Task brief
Beginning at the line containing "monero cryptocurrency price", repeat each line below exactly up to and including the line containing "50x50 سنتيمتر ثلاثية". Do not repeat the pictures.

Data
——————————
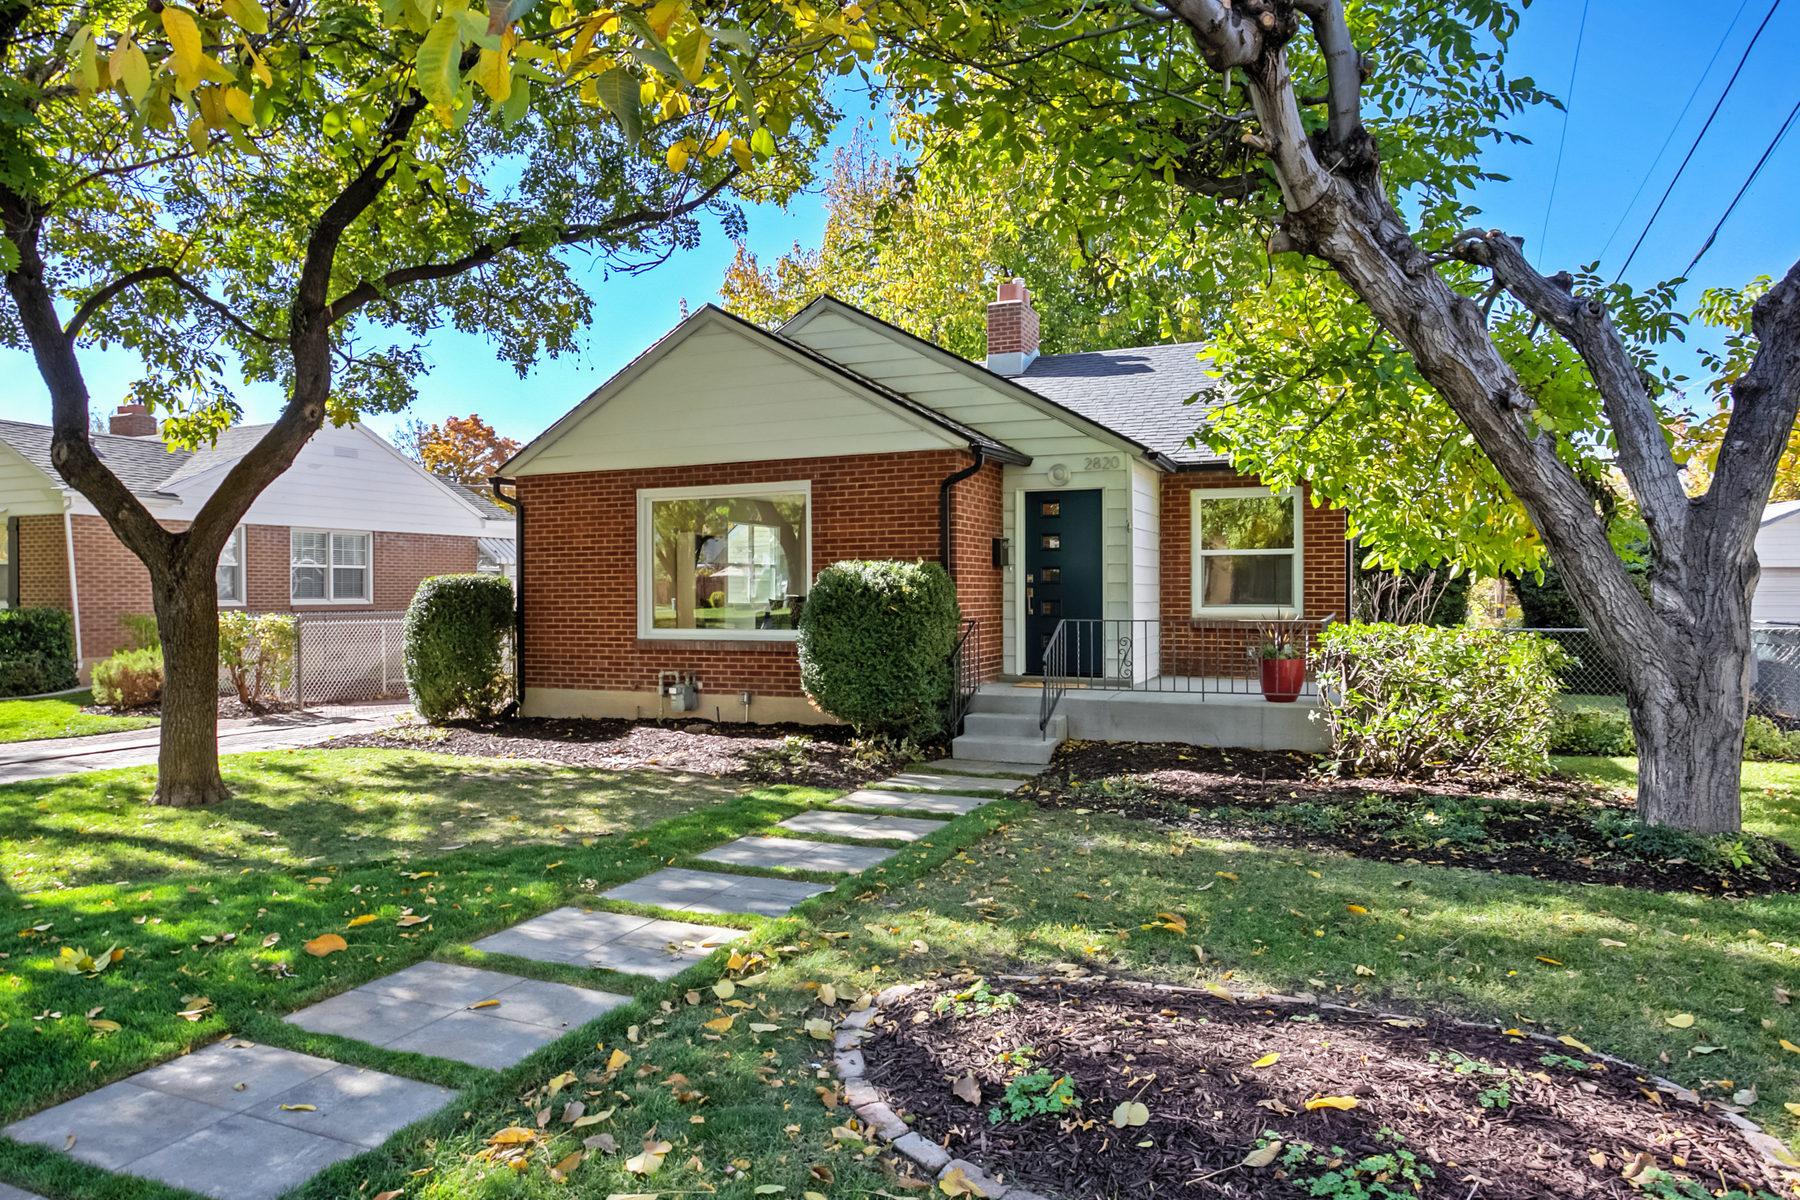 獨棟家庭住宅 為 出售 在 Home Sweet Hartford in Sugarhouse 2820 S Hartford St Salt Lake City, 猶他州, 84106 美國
——————————
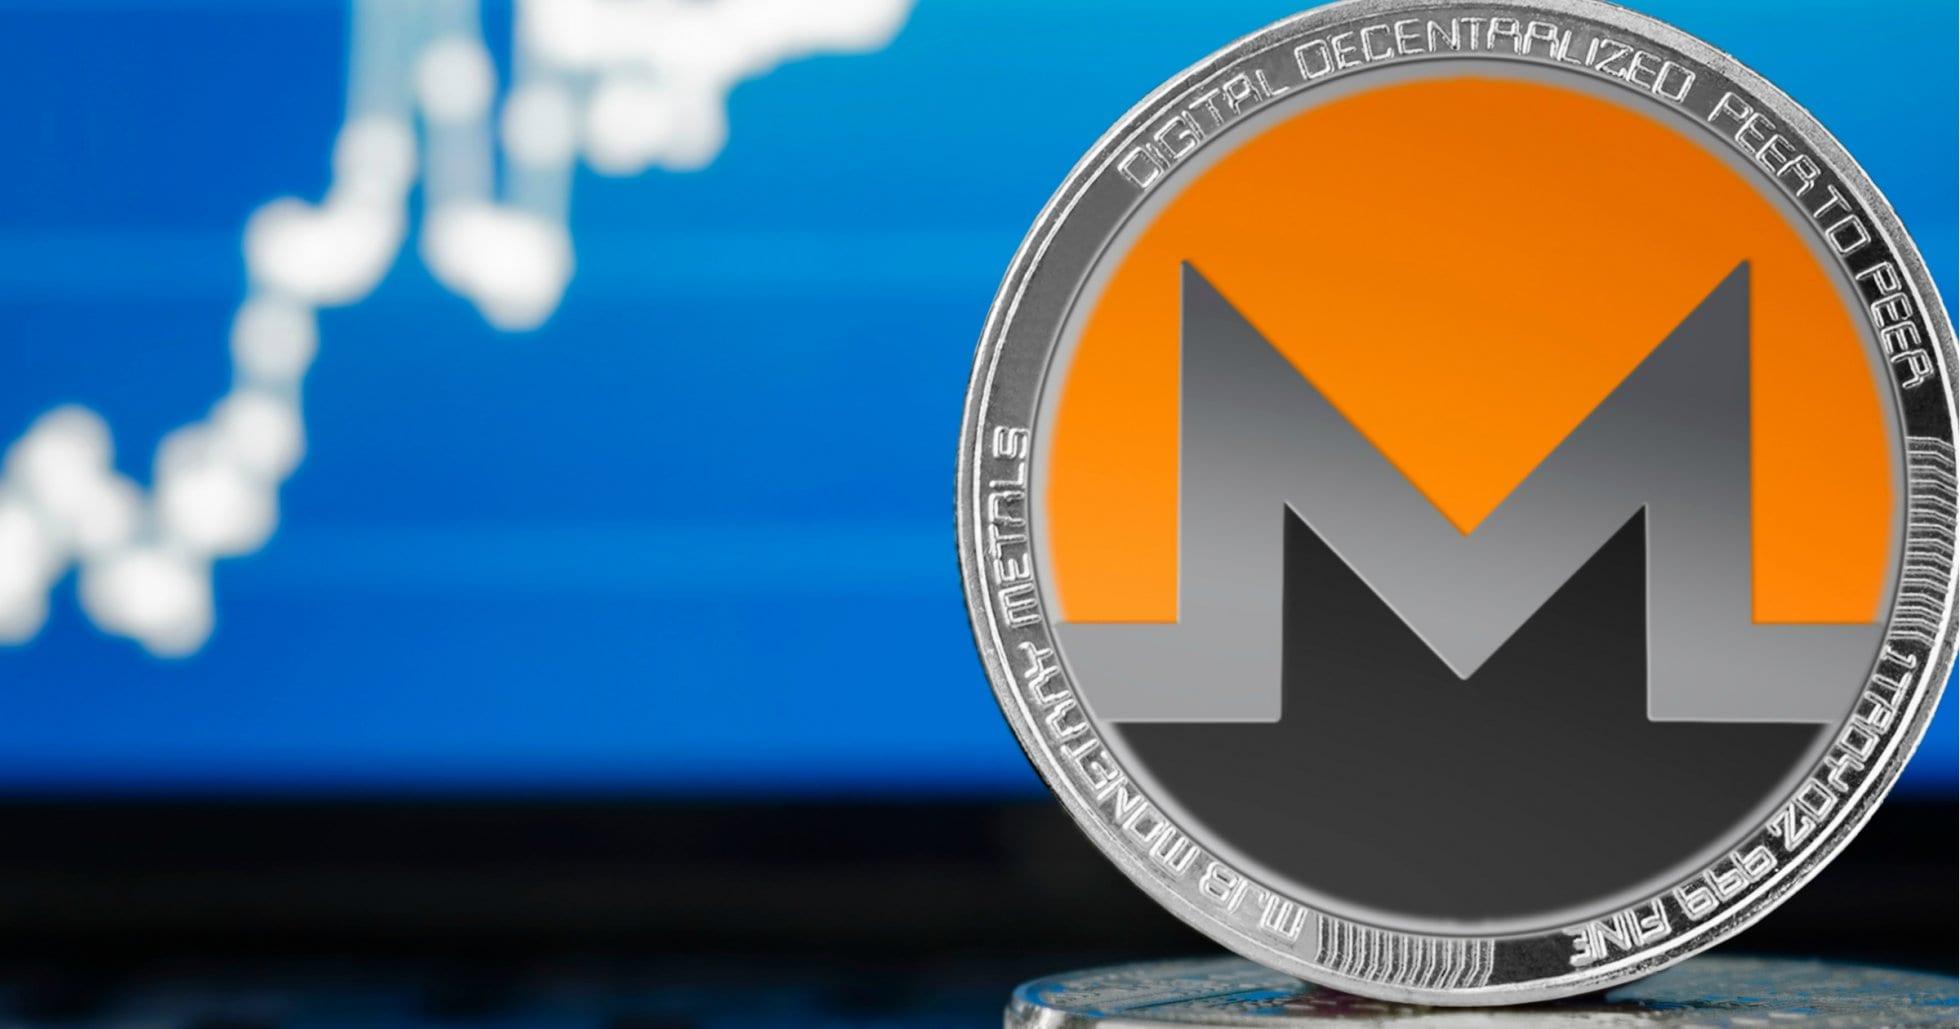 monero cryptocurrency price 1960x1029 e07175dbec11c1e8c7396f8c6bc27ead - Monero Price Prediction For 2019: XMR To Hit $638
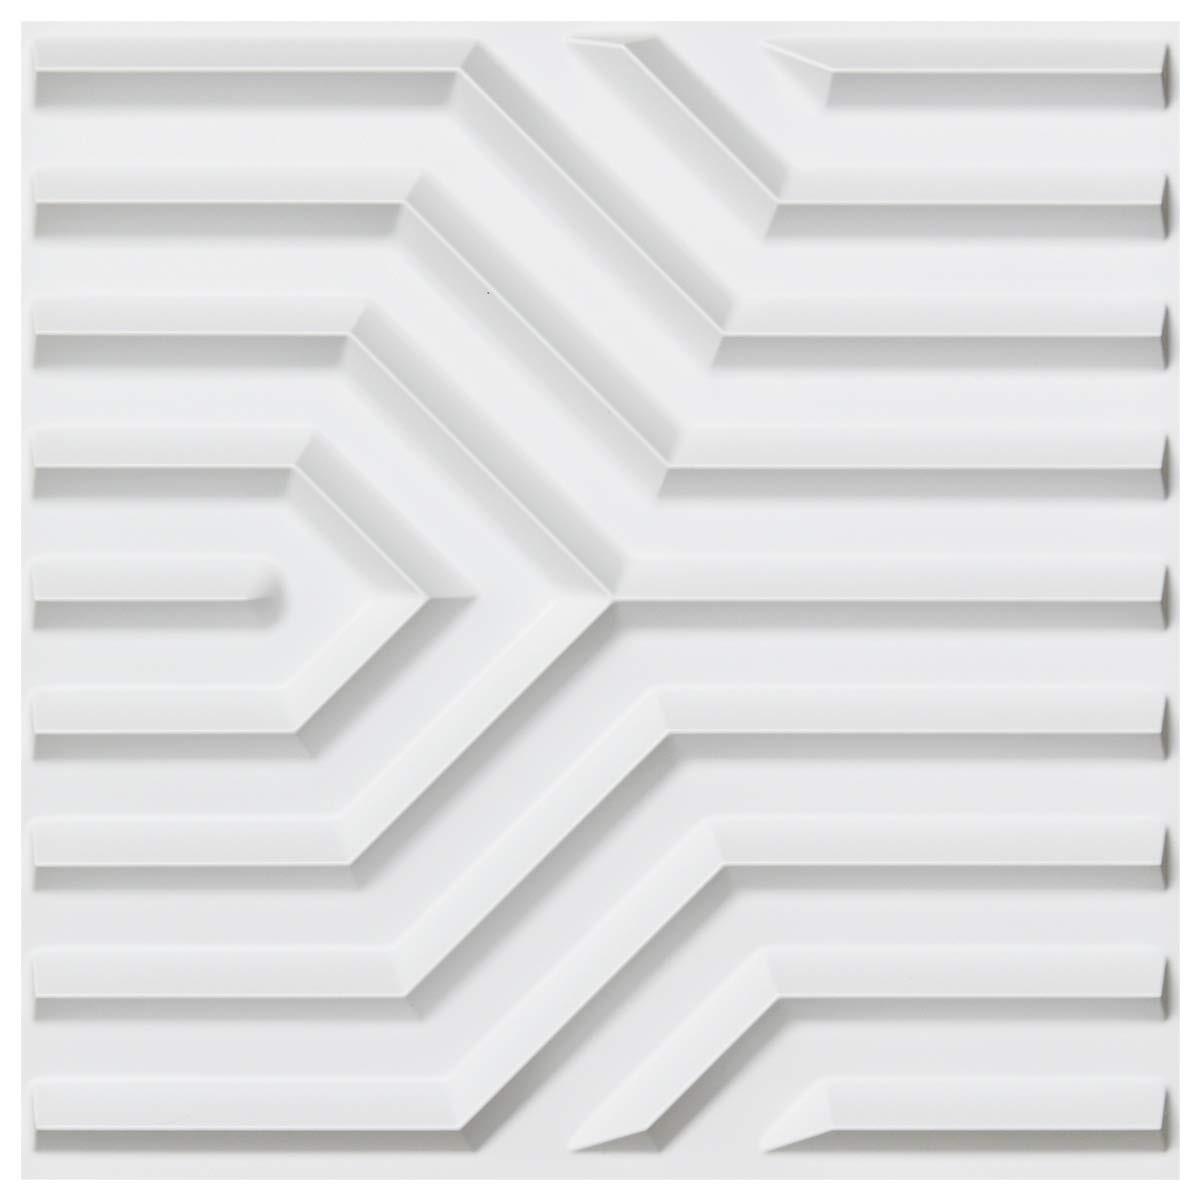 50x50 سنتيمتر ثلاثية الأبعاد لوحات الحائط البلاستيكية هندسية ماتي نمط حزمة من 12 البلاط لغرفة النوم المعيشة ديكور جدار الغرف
——————————
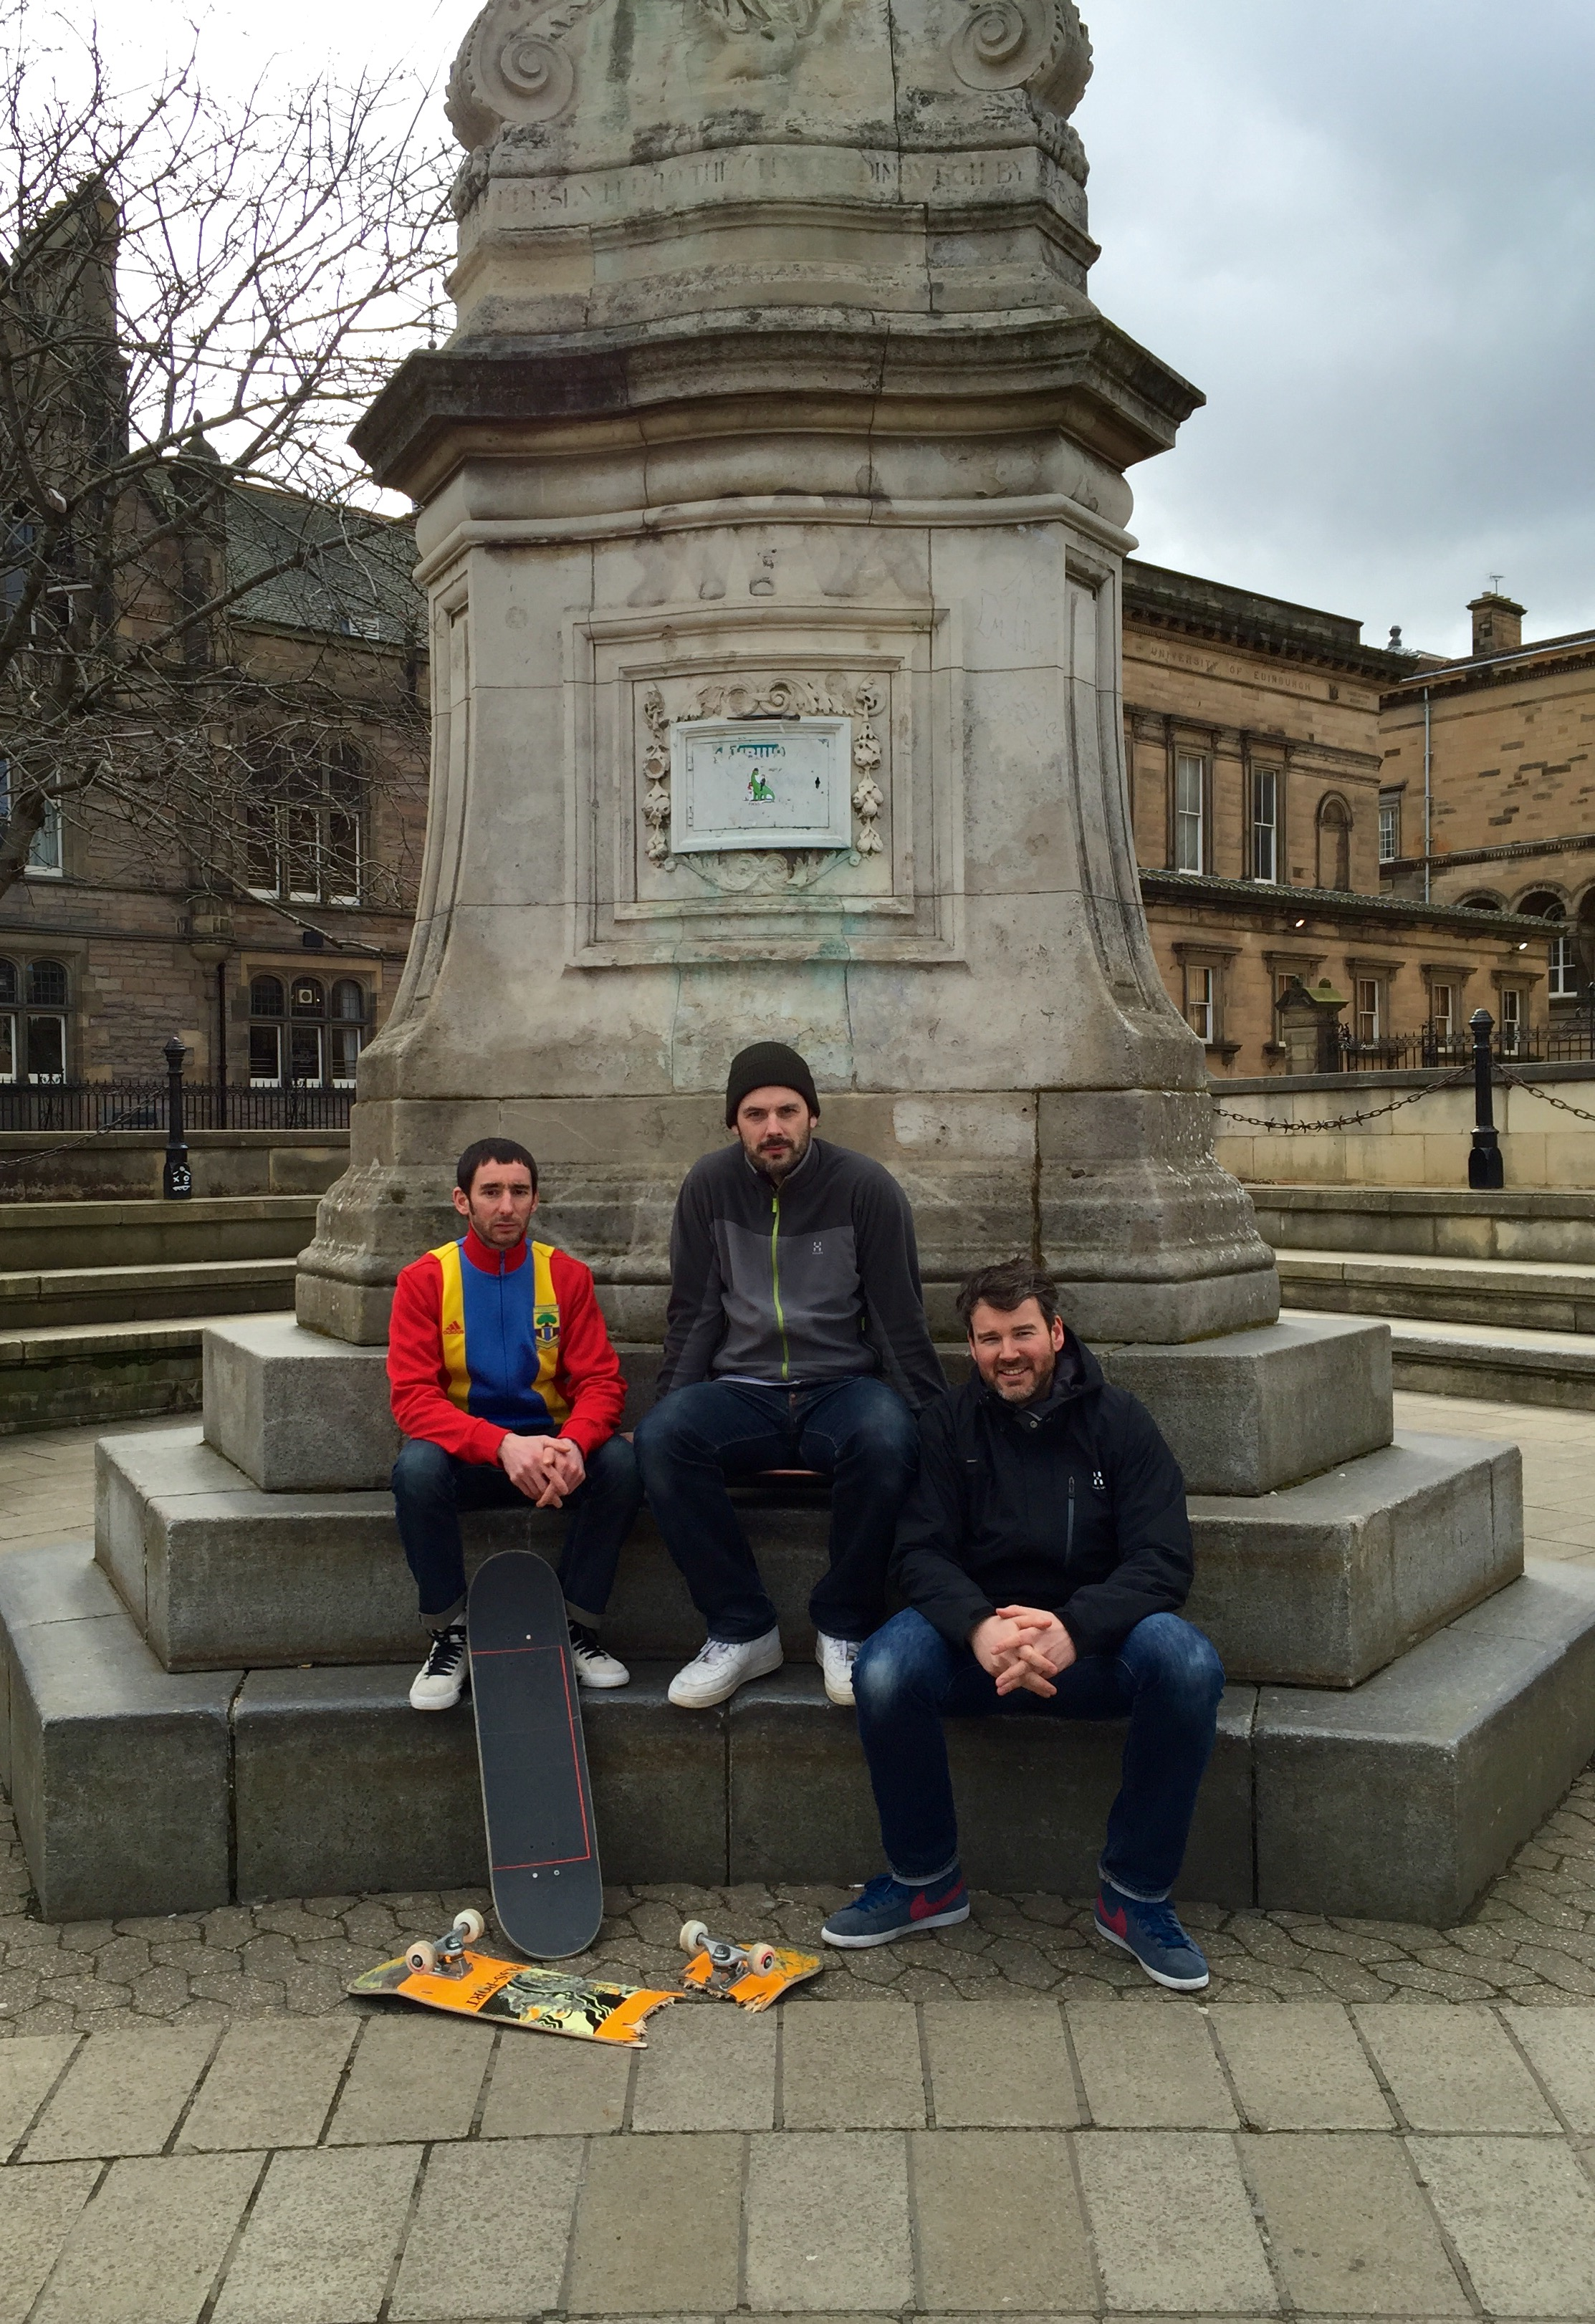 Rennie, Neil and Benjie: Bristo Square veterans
——————————
Solution to this task
 monero cryptocurrency price 1960x1029 e07175dbec11c1e8c7396f8c6bc27ead - Monero Price Prediction For 2019: XMR To Hit $638
 50x50 سنتيمتر ثلاثية الأبعاد لوحات الحائط البلاستيكية هندسية ماتي نمط حزمة من 12 البلاط لغرفة النوم المعيشة ديكور جدار الغرف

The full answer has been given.